Even though St. Raphael’s shut down seven years ago, about two dozen of the faithful get together for an intimate prayer service or Mass every other week or so. They gather in what was once the boardroom of the now vacant but still handsome old church.
They were together for a Mass to usher in the New Year. As is the custom, the service was tailor made for the congregation, who choose the hymns, select the intentions, provide wine for communion — a bottle of Beaujolais is not out of the question — and bring a pot-luck brunch to eat after Mass.
“We make do with what we have,” explained Paul Kipens. “We are a support group. We encourage one another, we all know one another, we pray for each other.
“If you believe in miracles — and I do — I believe prayers are more effective when you pray for someone else instead of for yourself. I think groups like ours are the future of the Church, small groups who might feel disconnected or isolated in a bigger church, worshipping together as a family.”
Fr. Joe Mroz, a Jesuit who had been ministering to the congregation on a part-time basis until last fall when he moved to Newfoundland, was back in Montreal over the holidays to celebrate Mass on the feast of the Epiphany.
“When the congregation asked me to do ministry about six years ago, it was always going to be temporary,” he said. “But I kept coming back. The community is wonderful. They have a heart here for people who need help.”

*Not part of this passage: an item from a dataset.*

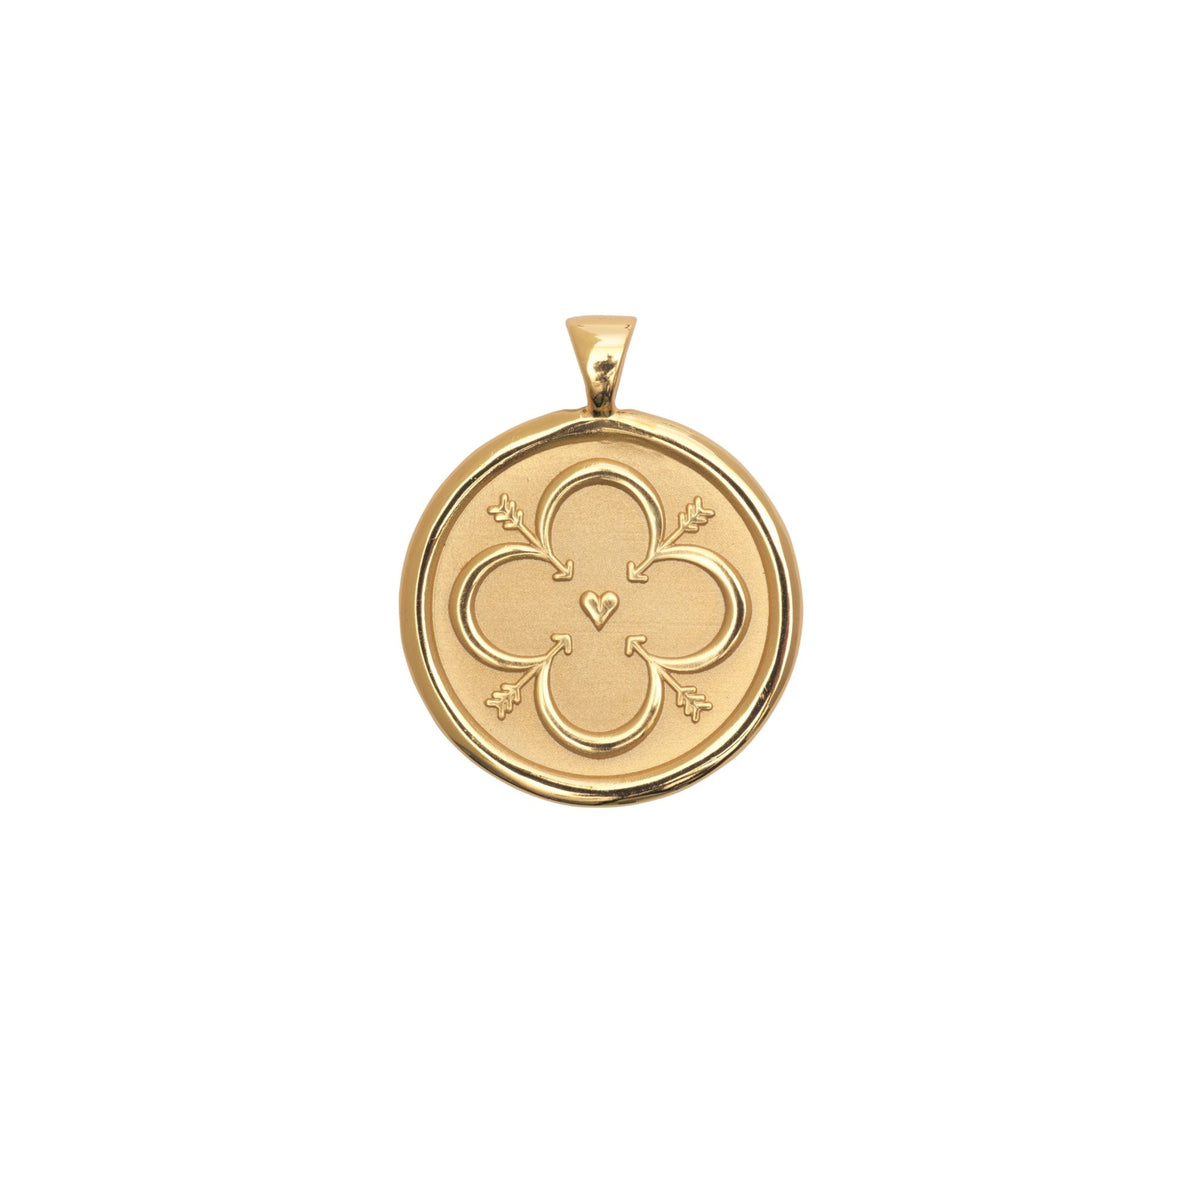 Love JW Small Pendant Coin Necklace

St. Raphael’s was built in 1930 under founding pastor Fr. John O’Rourke to serve the well-heeled English-speaking congregation in Outremont, a predominately French-speaking neighbourhood. From the day it opened until O’Rourke’s death in 1975, St. Raphael’s was one of the richest parishes in the archdiocese.
But attendance had already begun to decline by the time O’Rourke died and Robert Harris, now the bishop of St. John, N.B. became pastor.
“Fr. O’Rourke had been the big drawing card,” Harris recalled. “Everyone knew him and he knew everyone by name. A good number of those who came to Mass when I was pastor were mainly outsiders who kept returning out of loyalty to O’Rourke.”
The election of a separatist government in 1976 hastened the decline as a number of parishioners left the province, while others became bilingual and started attending other nearby churches. A succession of priests soldiered on at St. Raphael’s before Fr. Gerry Sinel became pastor in 1990. A chaplain at St. Mary’s Hospital several blocks away, he brought a number of the hospital staff with him to the church and kept the church open for another 17 years.
But after Sinel died in 2007 the archdiocese closed St. Raphael’s and leased the building to a palliative care group, which has yet to convert the church into a hospice. Through it all, a core group of parishioners has continued to get together.
“We are like a family,” said Mary Stanton, who has been going to St Raphel’s for more than three decades. “They took away our church, but we are still here. The family is still here. St. Raphael the Archangel is still here!”